H12B-04
Predicting root zone soil moisture with satellite near-surface moisture data in semiarid environments

Monday, 14 December 2015: 11:05
3024 (Moscone West)
Salvatore Manfreda1, Douglas C Baldwin2, Klaus Keller2, Erica A H Smithwick3 and Kelly K Caylor4, (1)University of Basilicata, DICEM, Potenza, Italy, (2)Pennsylvania State University Main Campus, University Park, PA, United States, (3)Pennsylvania State University, University Park, PA, United States, (4)Princeton University, Princeton, NJ, United States
Abstract:
One of the most critical variables in semiarid environment is the soil water content that represents a controlling factor for both ecological and hydrological processes.

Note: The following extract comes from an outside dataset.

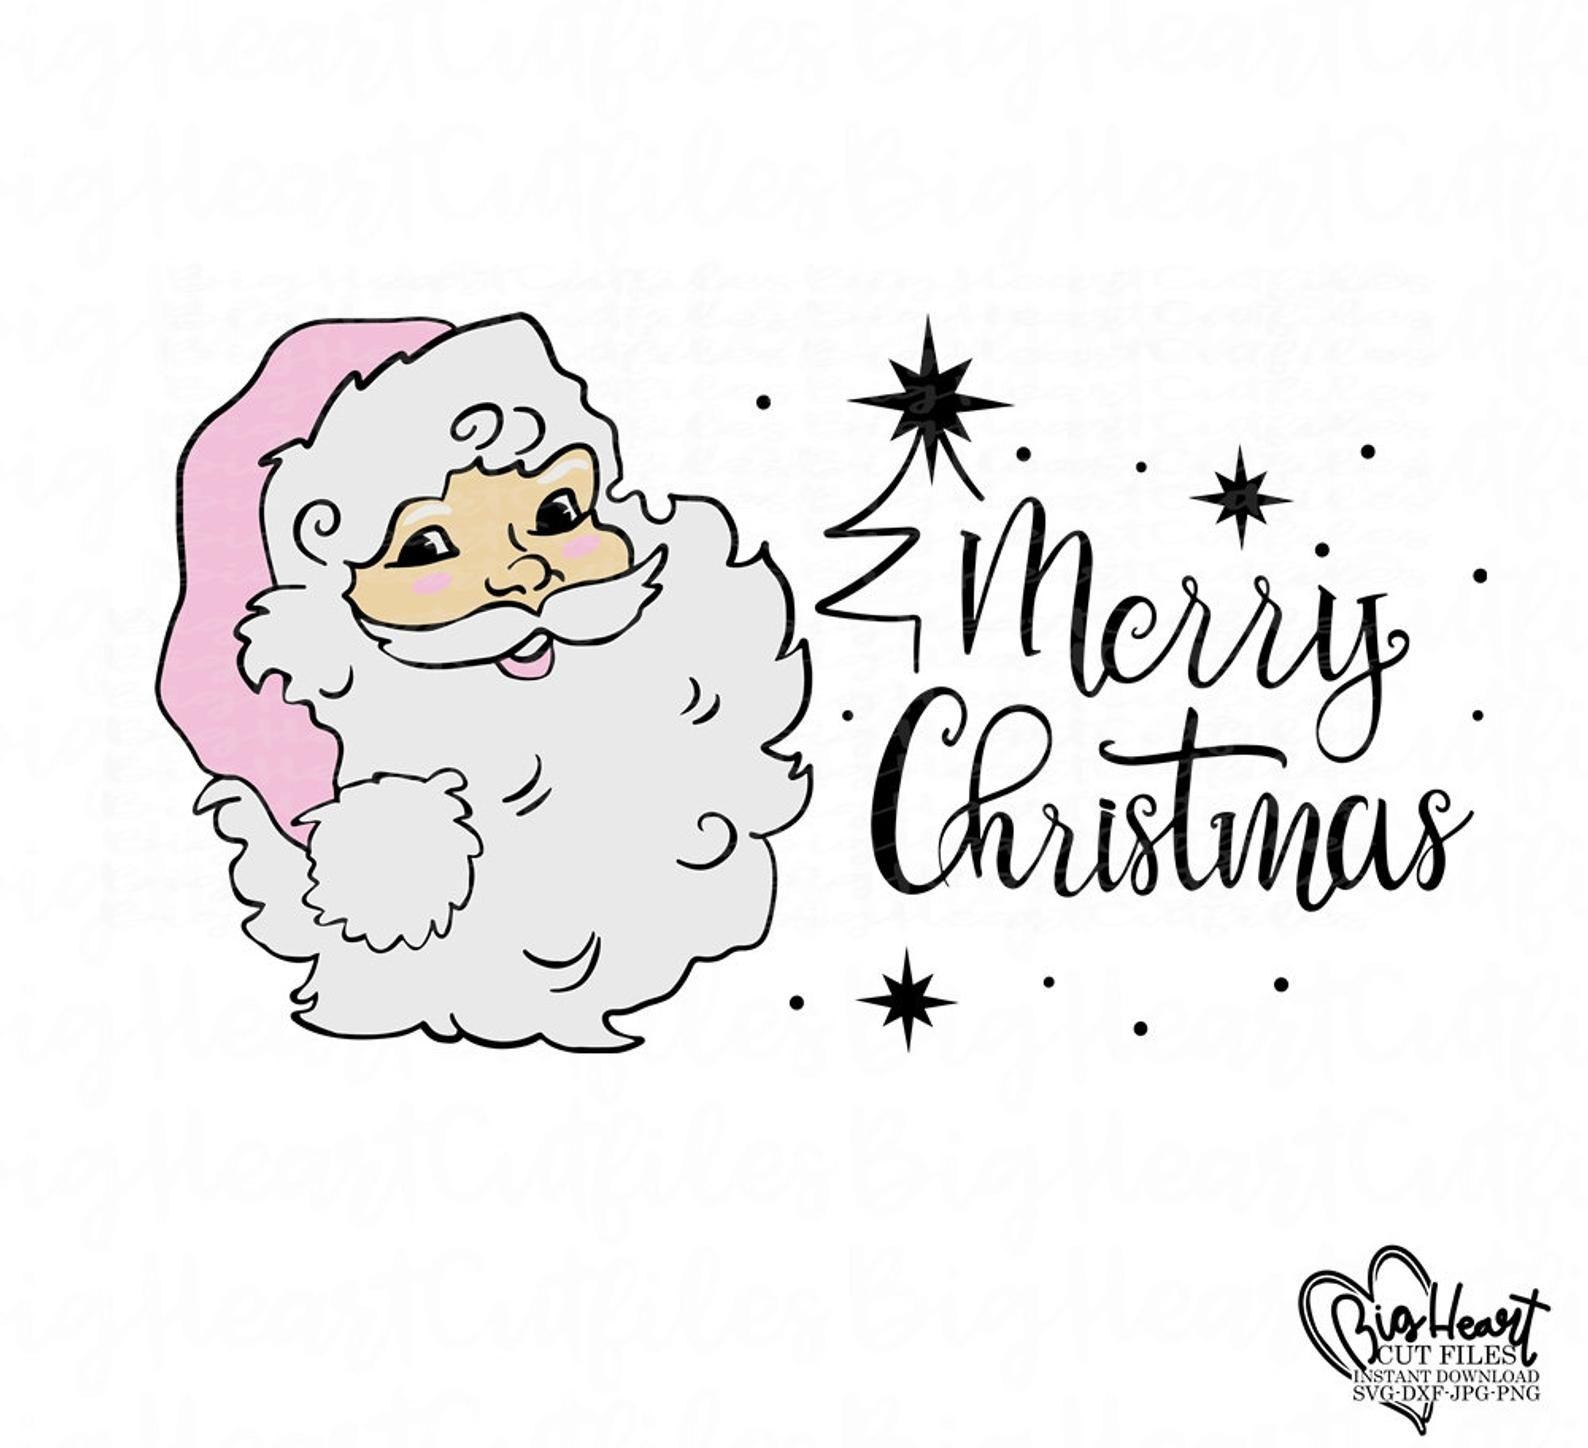 Santa Claus Svgsanta Face Svgpngjpgdxfsanta Head Etsy Santa Face Vintage Santas Christmas Svg

Soil moisture monitoring over large scales may be extremely useful, but it is limited by the fact that most of the available tools provides only surface measurements not representative of the effective amount of water stored in the subsurface. Therefore, a methodology able to infer root-zone soil moisture starting from surface measurements is highly desirable. Recently a new simplified formulation has been introduced to provide a formal description of the mathematical relationship between surface measurements and root-zone soil moisture (Manfreda et al., HESS 2014). This is a physically based approach derived from the soil water balance equation, where different soil water loss functions have been explored in order to take into account for the non-linear processes governing soil water fluxes. The study highlighted that the soil loss function is the key for such relationship that is therefore strongly influenced by soil type and physiological plant types. The new formulation has been tested on soil moisture based on measurements taken from the African Monsoon Multidisciplinary Analysis (AMMA) and the Soil Climate Analysis Network (SCAN) databases. The method sheds lights on the physical controls for soil moisture dynamics and on the possibility to use such a simplified method for the description of root-zone soil moisture. Furthermore, the method has been also couple with an Enasamble Kalman Filter (EnKF) in order to optimize its performances for the large scale monitoring based the new satellite near-surface moisture data (SMAP). The optimized SMAR-EnKF model does well in both wet and dry climates and across many different soil types (51 SCAN locations) providing a strategy for real-time soil moisture monitoring.